_WHAT YOU HAVE TO DO_
Only the lines from the one that contains "grafika, szare tło, napis" through the last line of the data below should be duplicated, exactly and without pictures.

_Stored records_
========================
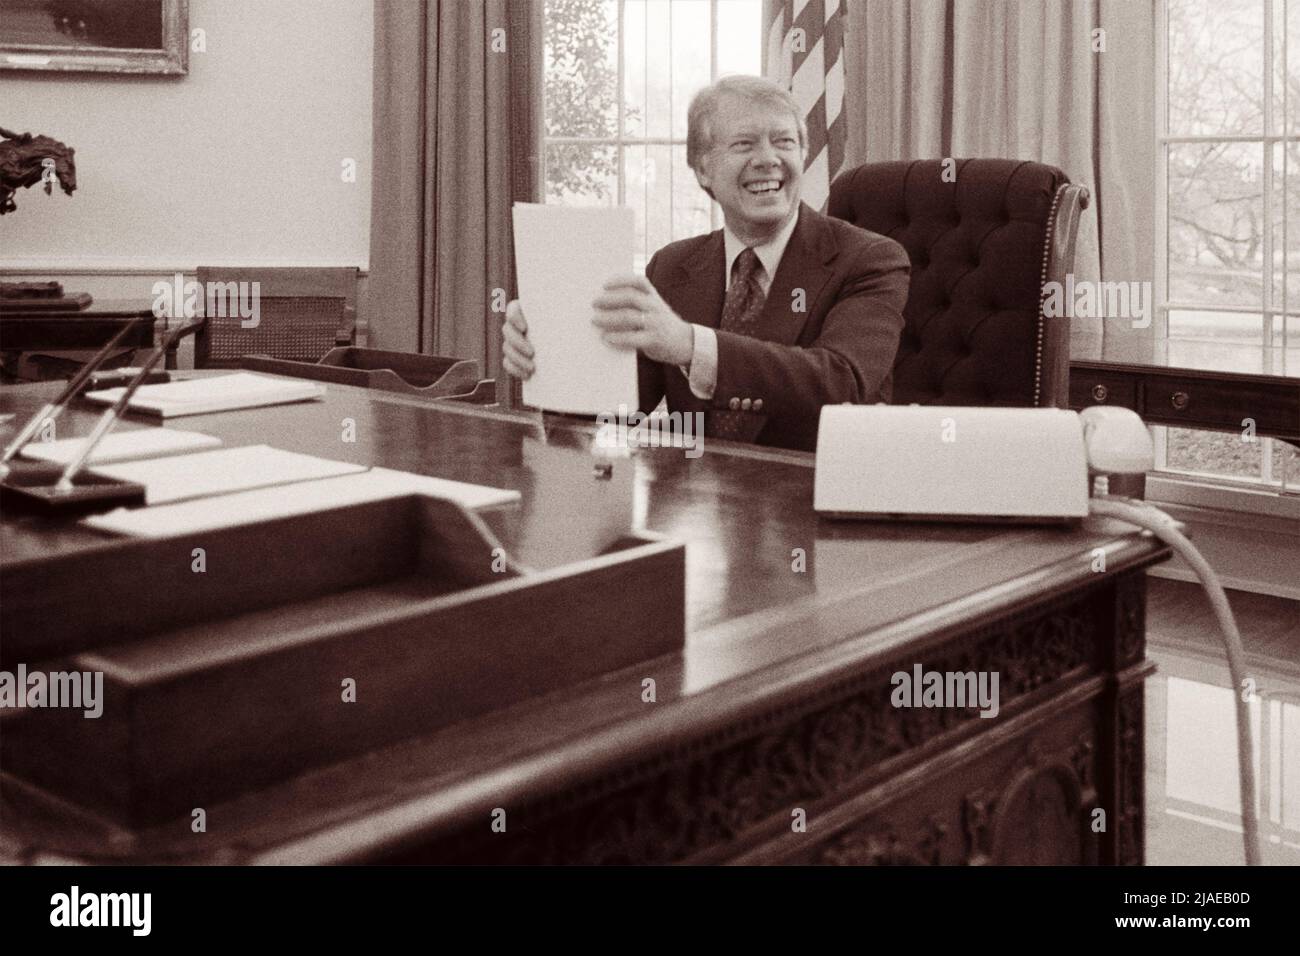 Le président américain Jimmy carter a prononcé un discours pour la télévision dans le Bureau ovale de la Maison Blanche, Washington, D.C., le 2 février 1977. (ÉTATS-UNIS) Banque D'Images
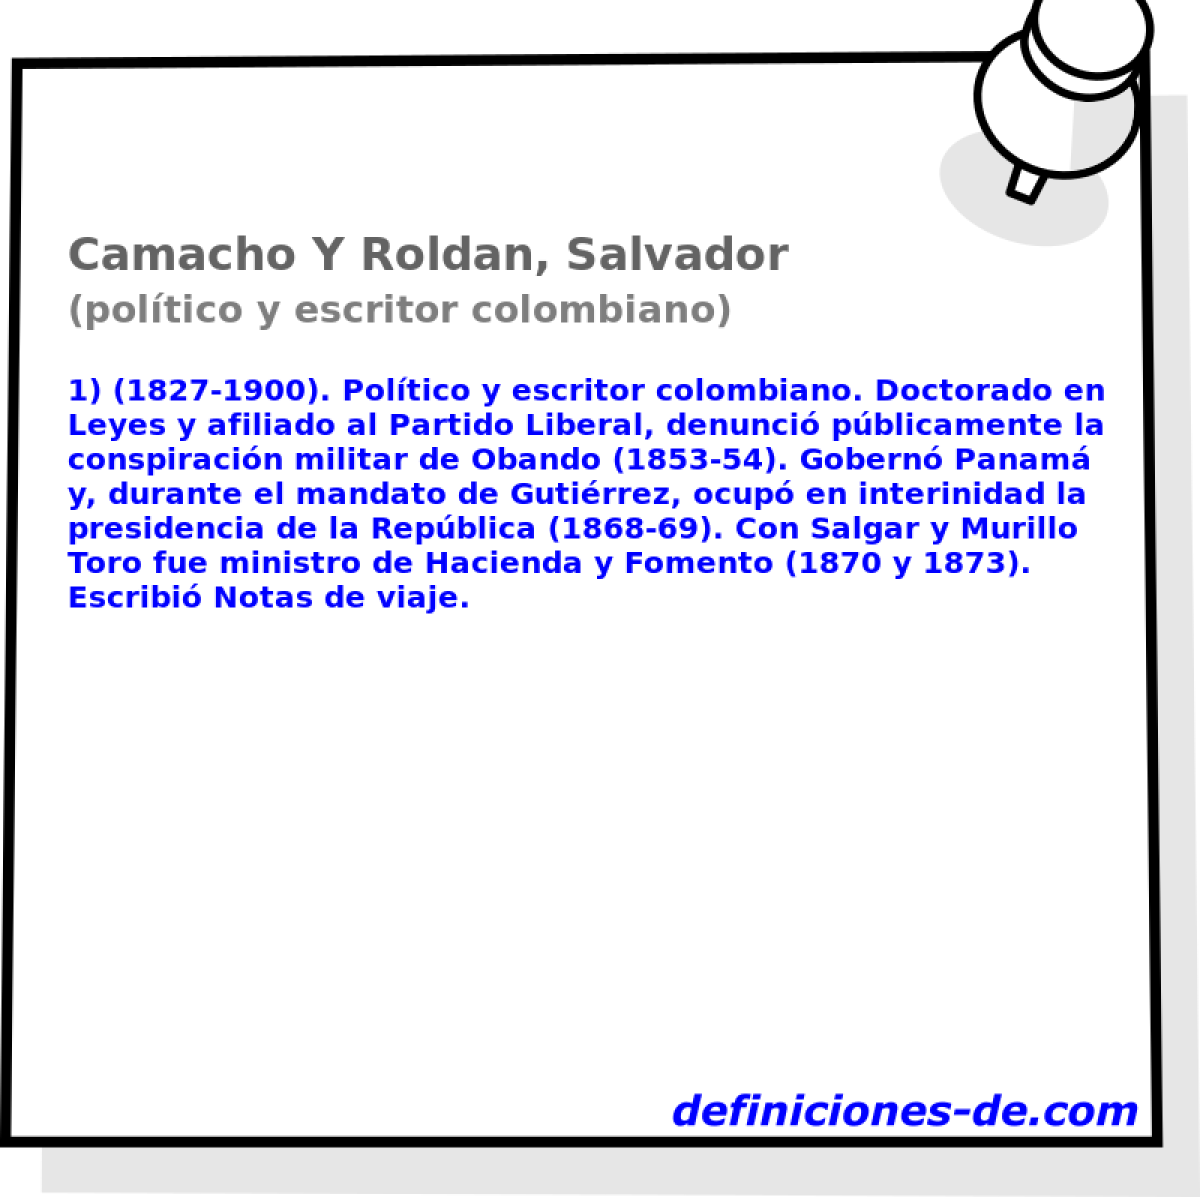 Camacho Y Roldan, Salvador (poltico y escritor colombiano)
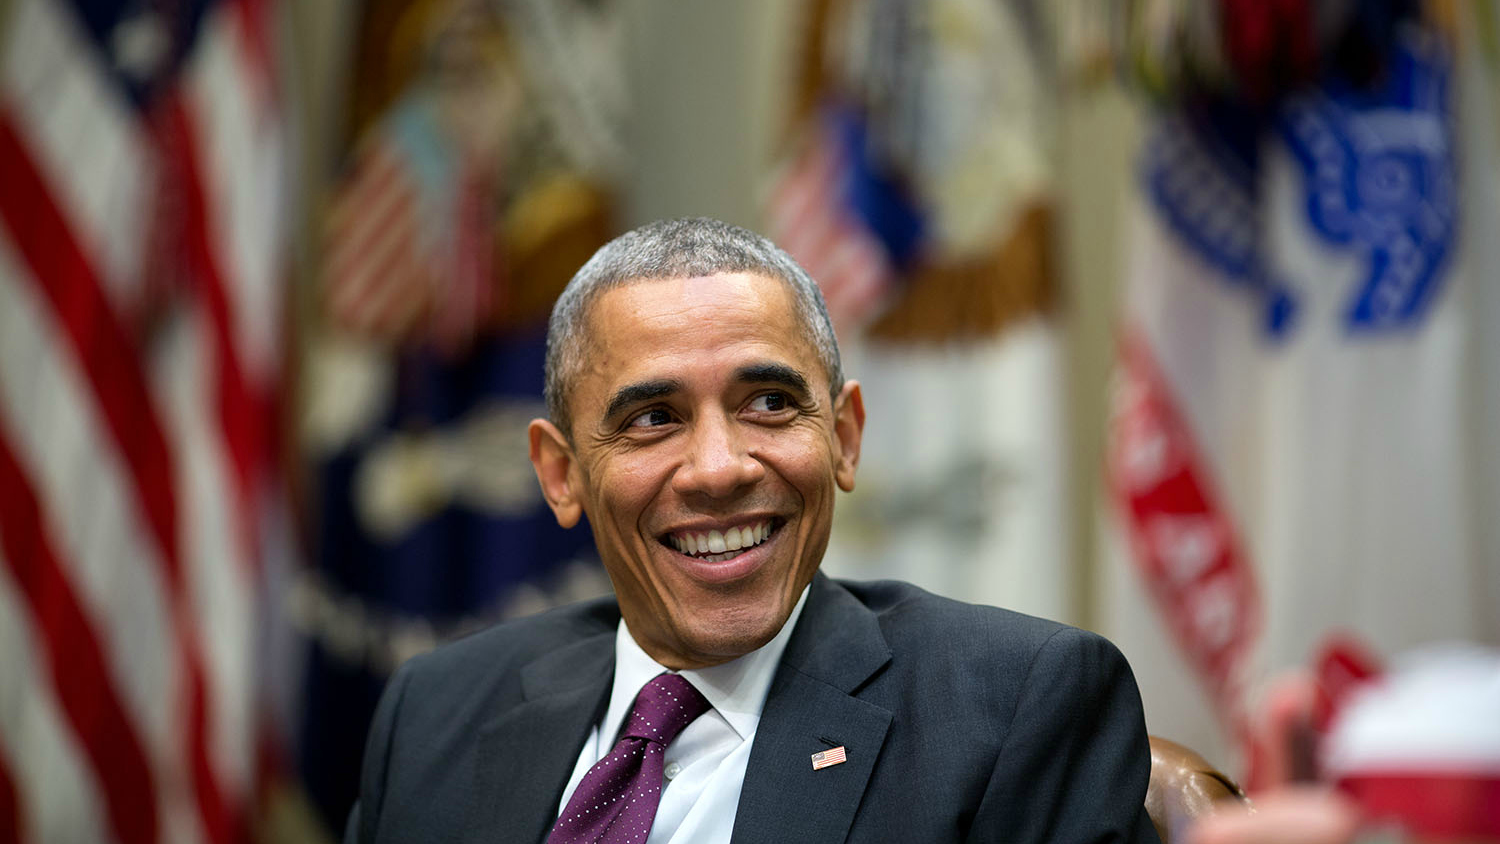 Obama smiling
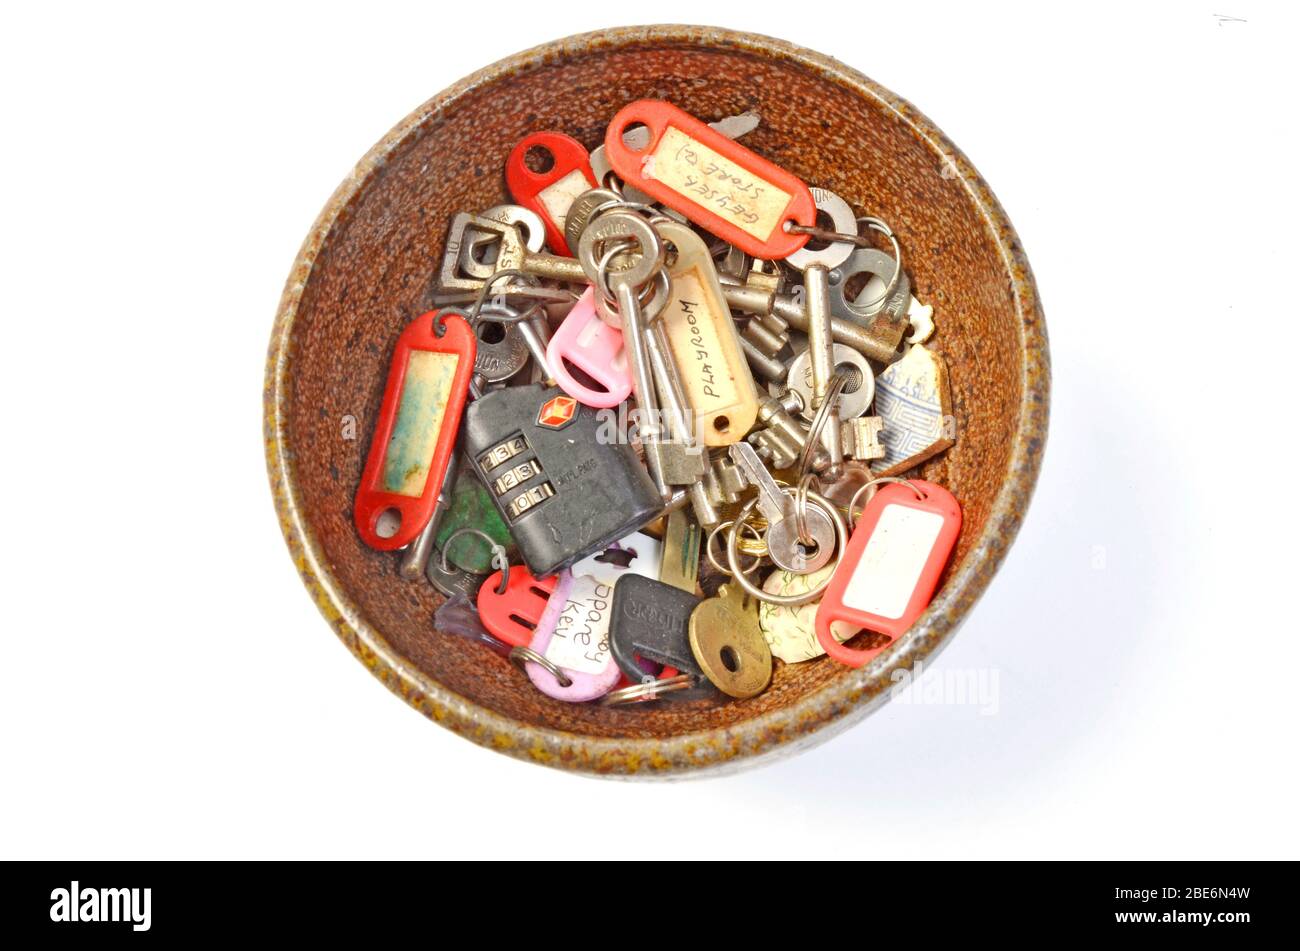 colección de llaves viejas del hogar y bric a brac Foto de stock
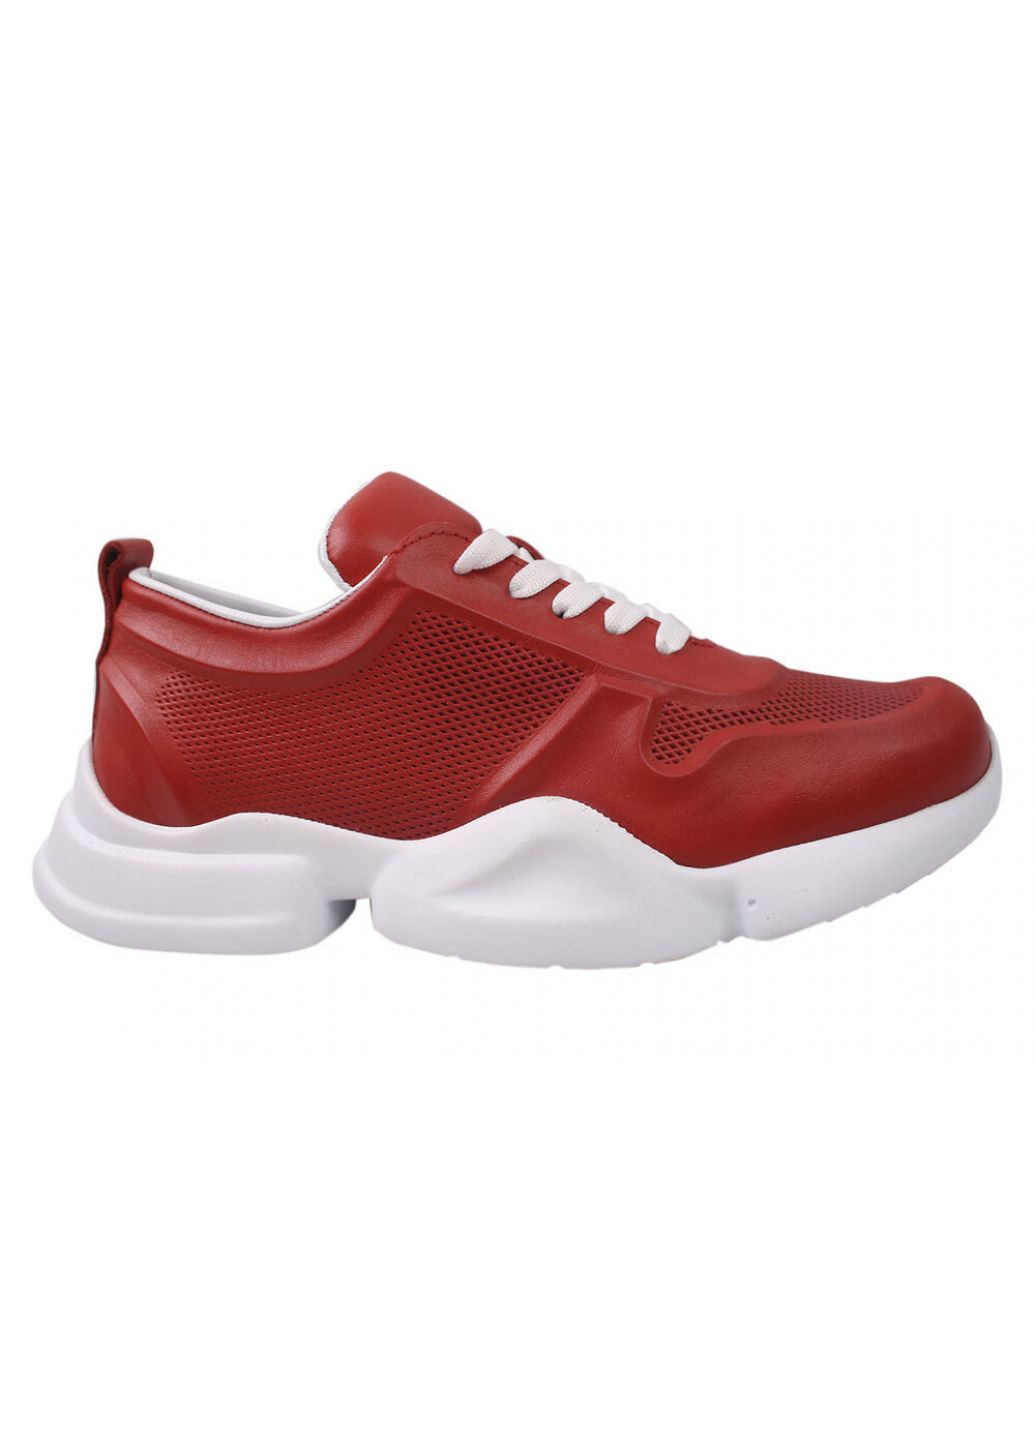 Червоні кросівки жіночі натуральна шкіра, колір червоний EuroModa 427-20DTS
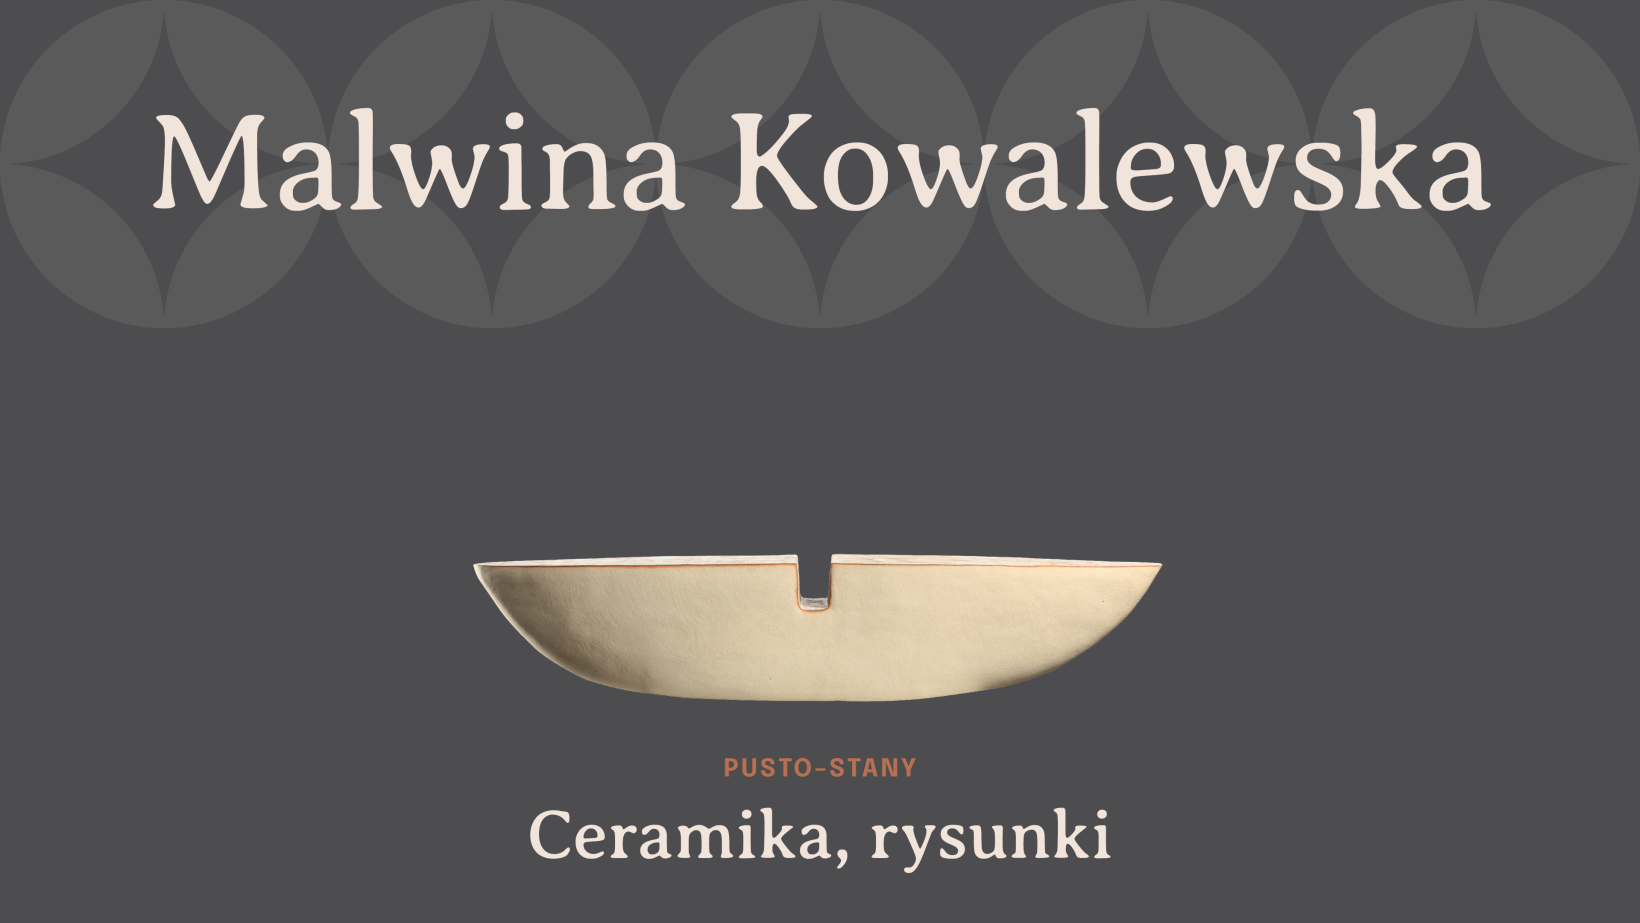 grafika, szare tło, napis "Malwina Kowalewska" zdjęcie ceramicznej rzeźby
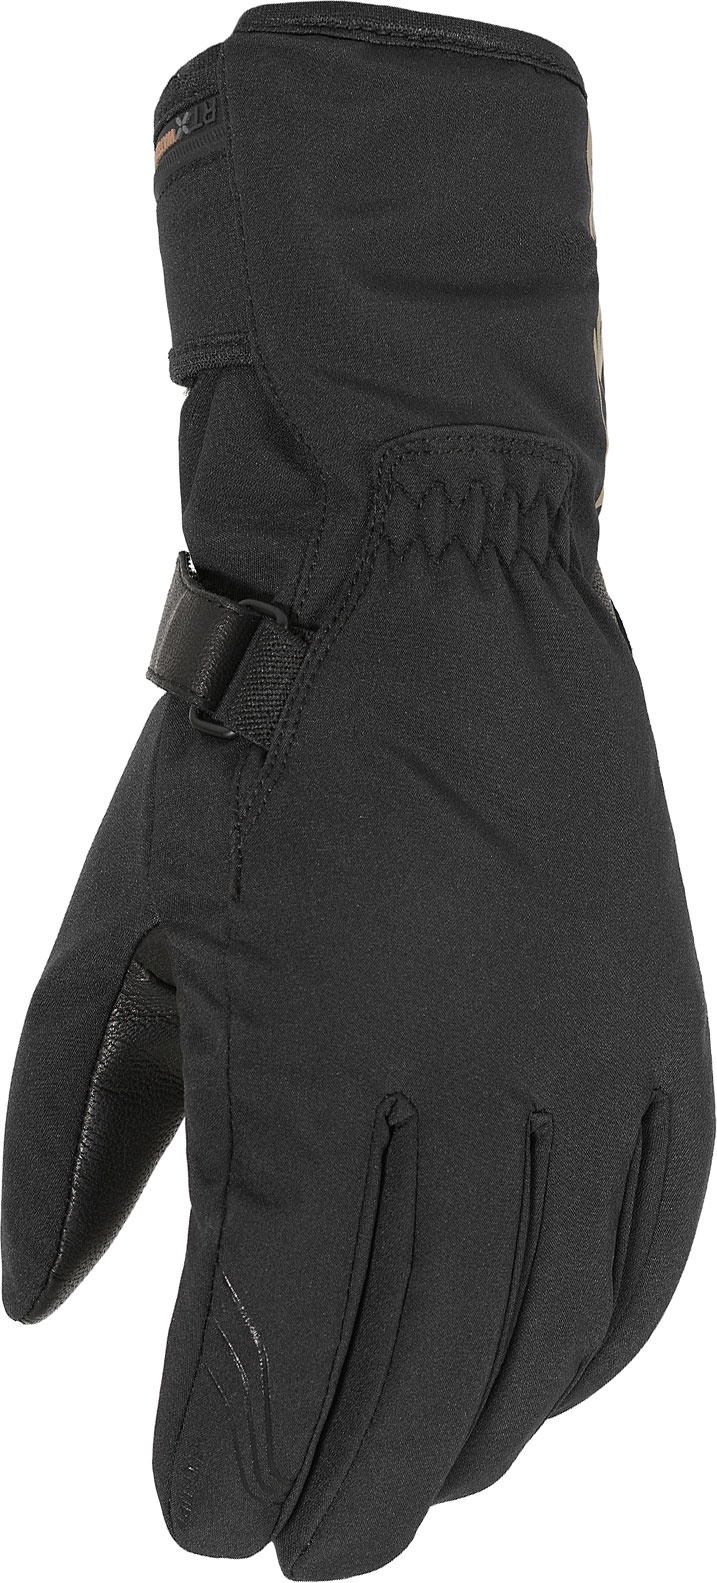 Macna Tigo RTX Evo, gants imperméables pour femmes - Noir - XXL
========================
_SOLUTION FOR THIS TASK_
 grafika, szare tło, napis "Malwina Kowalewska" zdjęcie ceramicznej rzeźby
 Macna Tigo RTX Evo, gants imperméables pour femmes - Noir - XXL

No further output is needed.